Class MultipleOutputFormat<K,V>

java.lang.Object
org.apache.hadoop.mapred.FileOutputFormat<K,V>
org.apache.hadoop.mapred.lib.MultipleOutputFormat<K,V>
All Implemented Interfaces:
OutputFormat<K,V>
Direct Known Subclasses:
MultipleSequenceFileOutputFormat, MultipleTextOutputFormat

@Public @Stable public abstract class MultipleOutputFormat<K,V> extends FileOutputFormat<K,V>
This abstract class extends the FileOutputFormat, allowing to write the output data to different output files. There are three basic use cases for this class. Case one: This class is used for a map reduce job with at least one reducer. The reducer wants to write data to different files depending on the actual keys. It is assumed that a key (or value) encodes the actual key (value) and the desired location for the actual key (value). Case two: This class is used for a map only job. The job wants to use an output file name that is either a part of the input file name of the input data, or some derivation of it. Case three: This class is used for a map only job. The job wants to use an output file name that depends on both the keys and the input file name,
  • Constructor Details

    • MultipleOutputFormat

      public MultipleOutputFormat()
  • Method Details

    • getRecordWriter

      public RecordWriter<K,V> getRecordWriter(FileSystem fs, JobConf job, String name, Progressable arg3) throws IOException
      Create a composite record writer that can write key/value data to different output files
      Specified by:
      getRecordWriter in interface OutputFormat<K,V>
      Specified by:
      getRecordWriter in class FileOutputFormat<K,V>
      Parameters:
      fs - the file system to use
      job - the job conf for the job
      name - the leaf file name for the output file (such as part-00000")
      arg3 - a progressable for reporting progress.
      Returns:
      a composite record writer
      Throws:
      IOException
    • generateLeafFileName

      protected String generateLeafFileName(String name)
      Generate the leaf name for the output file name.

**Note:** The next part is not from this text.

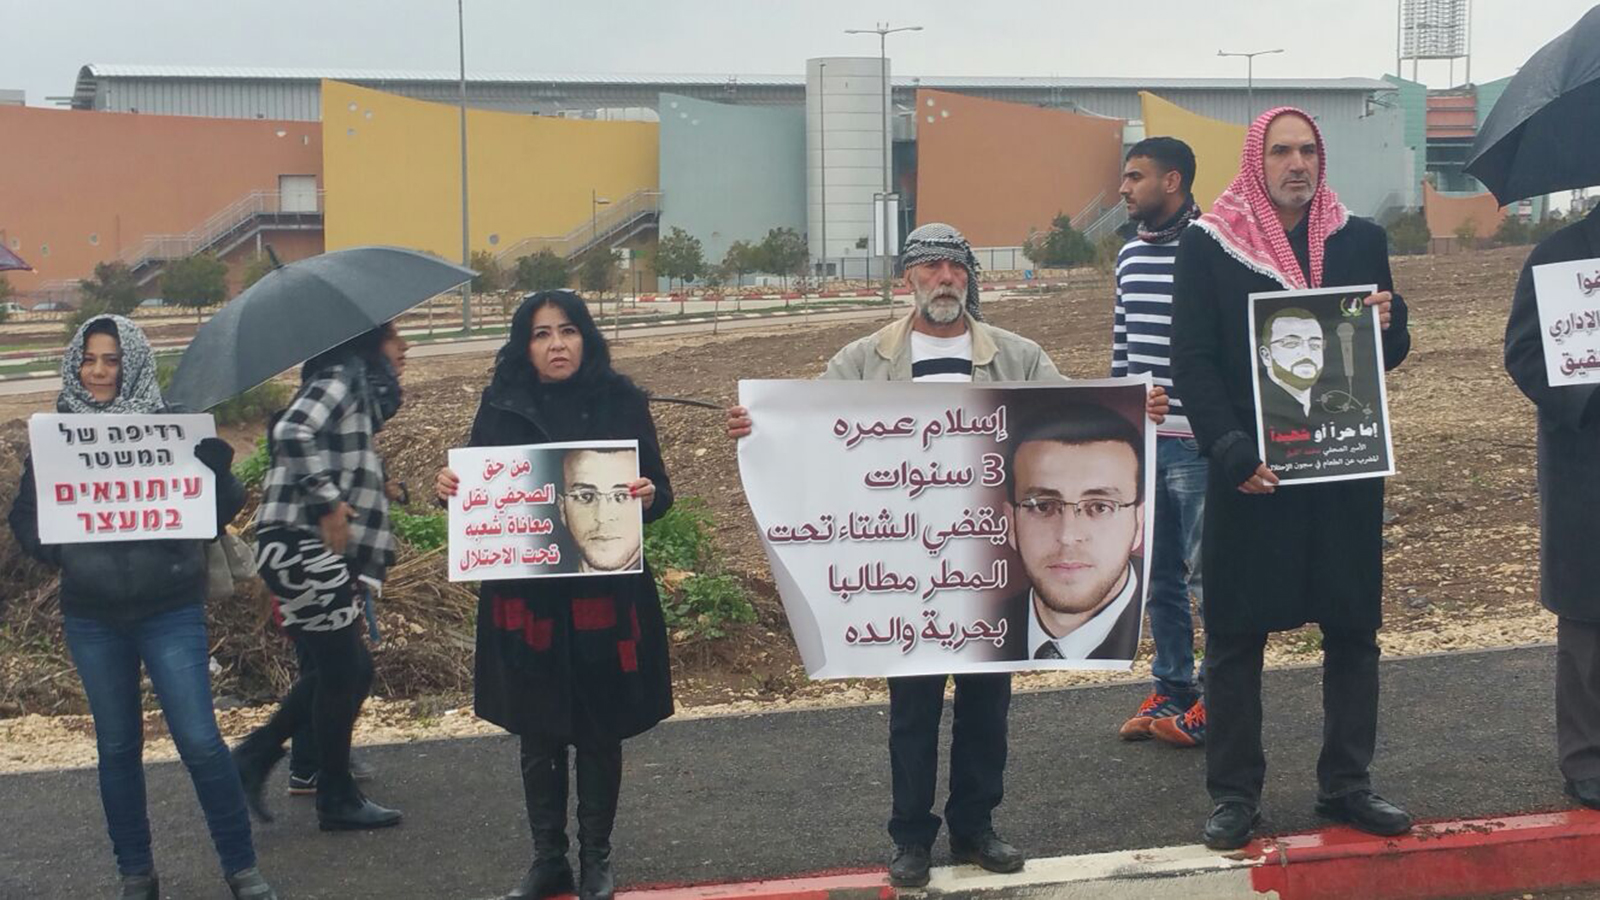 ‪صحفيون يعتصمون أمام مستشفى العفولة حيث يرقد الصحفي القيق‬  (الجزيرة نت)
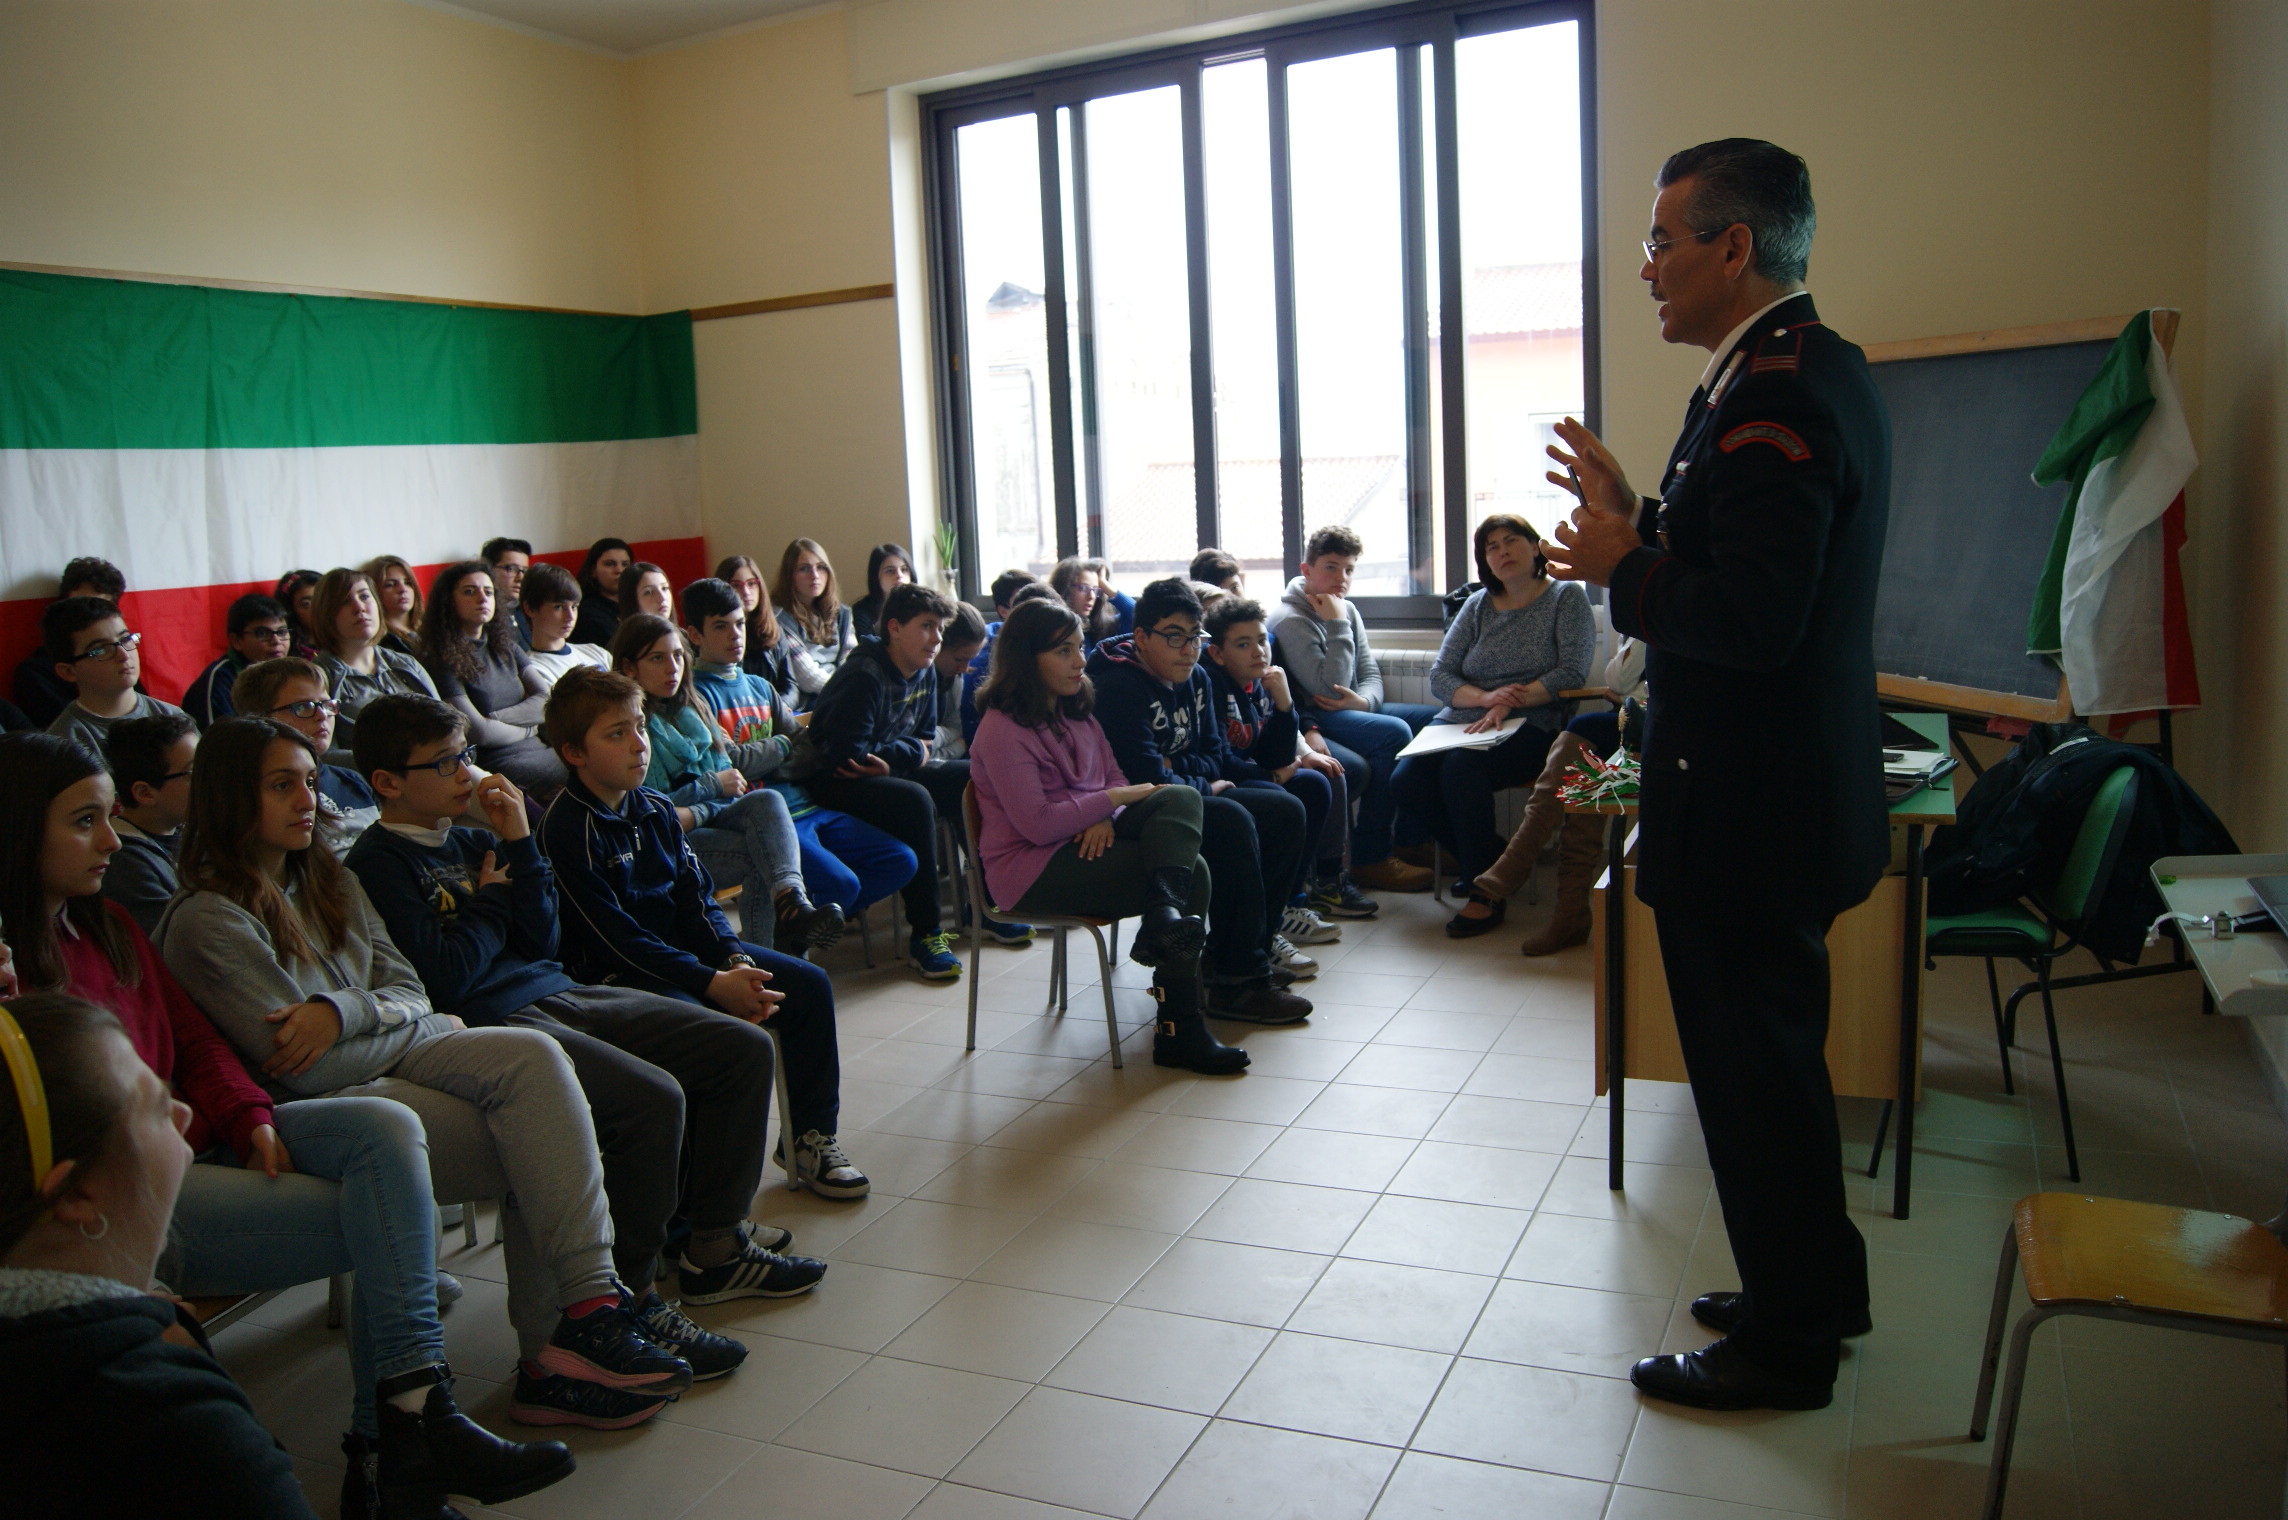 Conferenza dei Carabinieri agli studenti del ‘De Blasio’ sulla ‘cultura della legalità’

The default behavior does not change the leaf file name (such as part-00000)
      Parameters:
      name - the leaf file name for the output file
      Returns:
      the given leaf file name
    • generateFileNameForKeyValue

      protected String generateFileNameForKeyValue(K key, V value, String name)
      Generate the file output file name based on the given key and the leaf file name. The default behavior is that the file name does not depend on the key.
      Parameters:
      key - the key of the output data
      name - the leaf file name
      Returns:
      generated file name
    • generateActualKey

      protected K generateActualKey(K key, V value)
      Generate the actual key from the given key/value. The default behavior is that the actual key is equal to the given key
      Parameters:
      key - the key of the output data
      value - the value of the output data
      Returns:
      the actual key derived from the given key/value
    • generateActualValue

      protected V generateActualValue(K key, V value)
      Generate the actual value from the given key and value. The default behavior is that the actual value is equal to the given value
      Parameters:
      key - the key of the output data
      value - the value of the output data
      Returns:
      the actual value derived from the given key/value
    • getInputFileBasedOutputFileName

      protected String getInputFileBasedOutputFileName(JobConf job, String name)
      Generate the outfile name based on a given name and the input file name. If the MRJobConfig.MAP_INPUT_FILE does not exists (i.e. this is not for a map only job), the given name is returned unchanged. If the config value for "num.of.trailing.legs.to.use" is not set, or set 0 or negative, the given name is returned unchanged. Otherwise, return a file name consisting of the N trailing legs of the input file name where N is the config value for "num.of.trailing.legs.to.use".
      Parameters:
      job - the job config
      name - the output file name
      Returns:
      the outfile name based on a given name and the input file name.
    • getBaseRecordWriter

      protected abstract RecordWriter<K,V> getBaseRecordWriter(FileSystem fs, JobConf job, String name, Progressable arg3) throws IOException
      Parameters:
      fs - the file system to use
      job - a job conf object
      name - the name of the file over which a record writer object will be constructed
      arg3 - a progressable object
      Returns:
      A RecordWriter object over the given file
      Throws:
      IOException